Imagine a boat that travels at 3.0 m/s in still water. (a) In which direction should the boat point its bow to travel directly across a 0.50-km wide river when the river flows at 1.5 m/s? (b) What is the time interval for the trip, expressed in minutes?
This seems easy but I honestly have no idea how to do this. Please help.
Draw a vector diagram. Theta=arcsin(3/5). That will give the resulatant directly across.
time interval: speed across: 3*sinTheta
time= distance/speed= 500m/3sinTheta = ....seconds
a. Vr = Vb + Vc = Vb + (-1.5i) = 3.0 m/s = Resultant velocity.
Vb = 3 + 1.5i = 3.35m/s[26.6o]. N. of E.
b. d = V * T = 500 m.
3 * T = 500,
T = 166.667 s. = 2.78 min.
To answer this question, we need to understand the concept of vector addition. The boat's velocity can be broken down into two components: its velocity in still water and the velocity of the river. By vector addition, we can determine the resultant velocity of the boat relative to the riverbank.
(a) To find the direction the boat should point its bow, we need to determine the angle between the boat's path and the river's flow. Since the boat needs to travel directly across the river, we want the resultant velocity to be perpendicular to the river's flow.

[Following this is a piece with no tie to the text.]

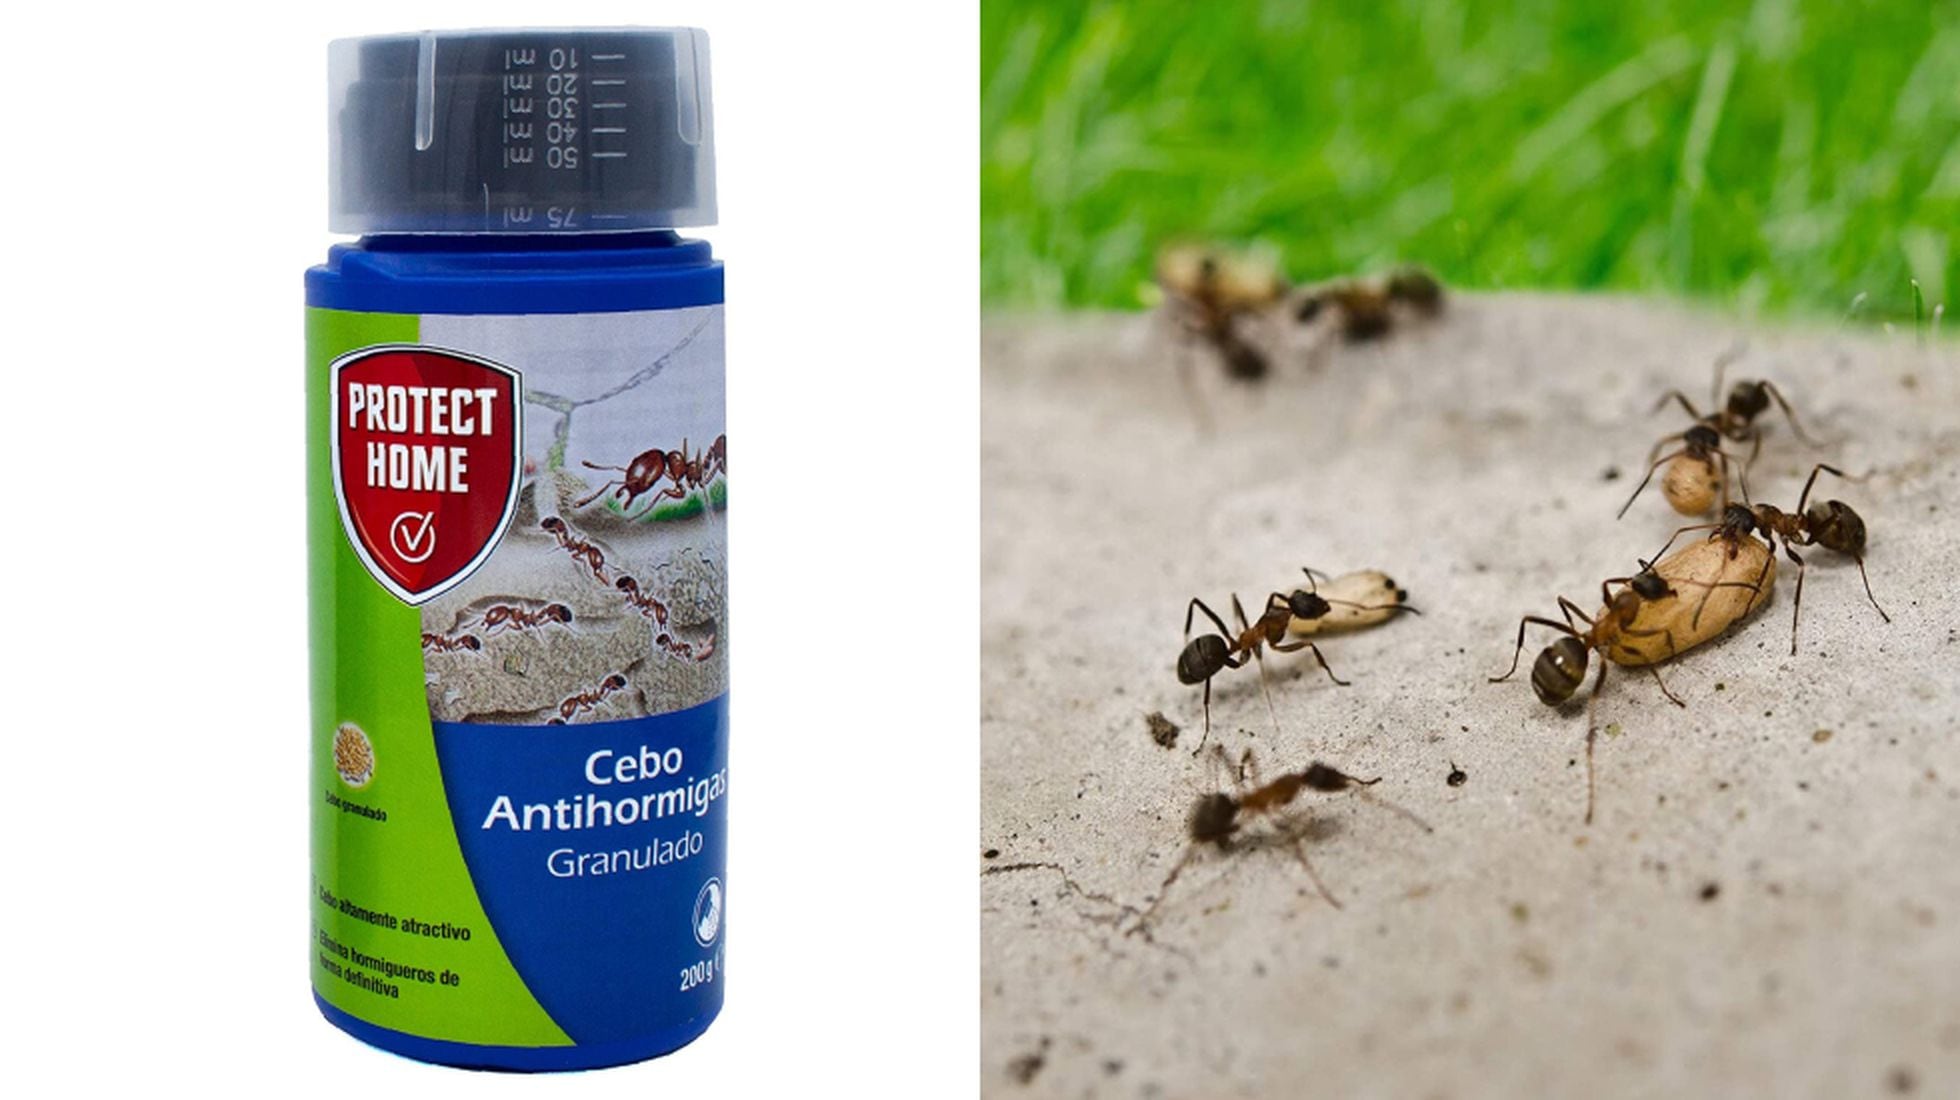 12 insecticidas y repelentes baratos para con las hormigas en casa durante el verano | Escaparate | EL PAÍS

Let's draw a diagram to visualize the problem:
```
----> |----->
Boat's Path |River's Flow
---->
Resultant Velocity
```
The boat's path and the river's flow are depicted as arrows, and we want the resultant velocity arrow to be perpendicular to the river's flow.
To find the angle between the river's flow and the boat's path, we can use trigonometry. Given that the boat's velocity in still water is 3.0 m/s and the river's flow velocity is 1.5 m/s, we have a right triangle with the following sides:
Opposite side: River's flow velocity = 1.5 m/s
Adjacent side: Boat's velocity in still water = 3.0 m/s
Using the formula tan(theta) = Opposite/Adjacent, we can solve for the angle theta:
tan(theta) = (1.5 m/s) / (3.0 m/s)
theta = tan^(-1)((1.5 m/s) / (3.0 m/s))
Calculating this on a calculator, we find that theta is approximately 26.56 degrees. Therefore, the boat should point its bow at an angle of 26.56 degrees upstream the river's flow to travel directly across the river.
(b) Now, let's determine the time interval for the trip, expressed in minutes. To do this, we need to calculate the boat's speed relative to the riverbank by finding the magnitude of the resultant velocity.
Using the Pythagorean theorem, we can find the magnitude of the resultant velocity:
Resultant velocity = sqrt((3.0 m/s)^2 + (1.5 m/s)^2)
Calculating this, we find that the magnitude of the resultant velocity is approximately 3.32 m/s.
Next, we need to calculate the time it takes for the boat to cross the 0.50-km wide river. Since distance = speed x time, we can rearrange the formula to solve for time:
Time = Distance / Speed
Time = (0.50 km) / (3.32 m/s)
To convert kilometers into meters, we need to multiply by 1000:
Time = (0.50 km * 1000 m/km) / (3.32 m/s)
Calculating this, we find that the time interval for the trip is approximately 150.6 seconds.
Finally, to express the time interval in minutes, we divide by 60:
Time = 150.6 seconds / 60 seconds/minute
Calculating this, we find that the time interval is approximately 2.51 minutes.
Therefore, the boat should point its bow at an angle of 26.56 degrees upstream, and the time interval for the trip is approximately 2.51 minutes.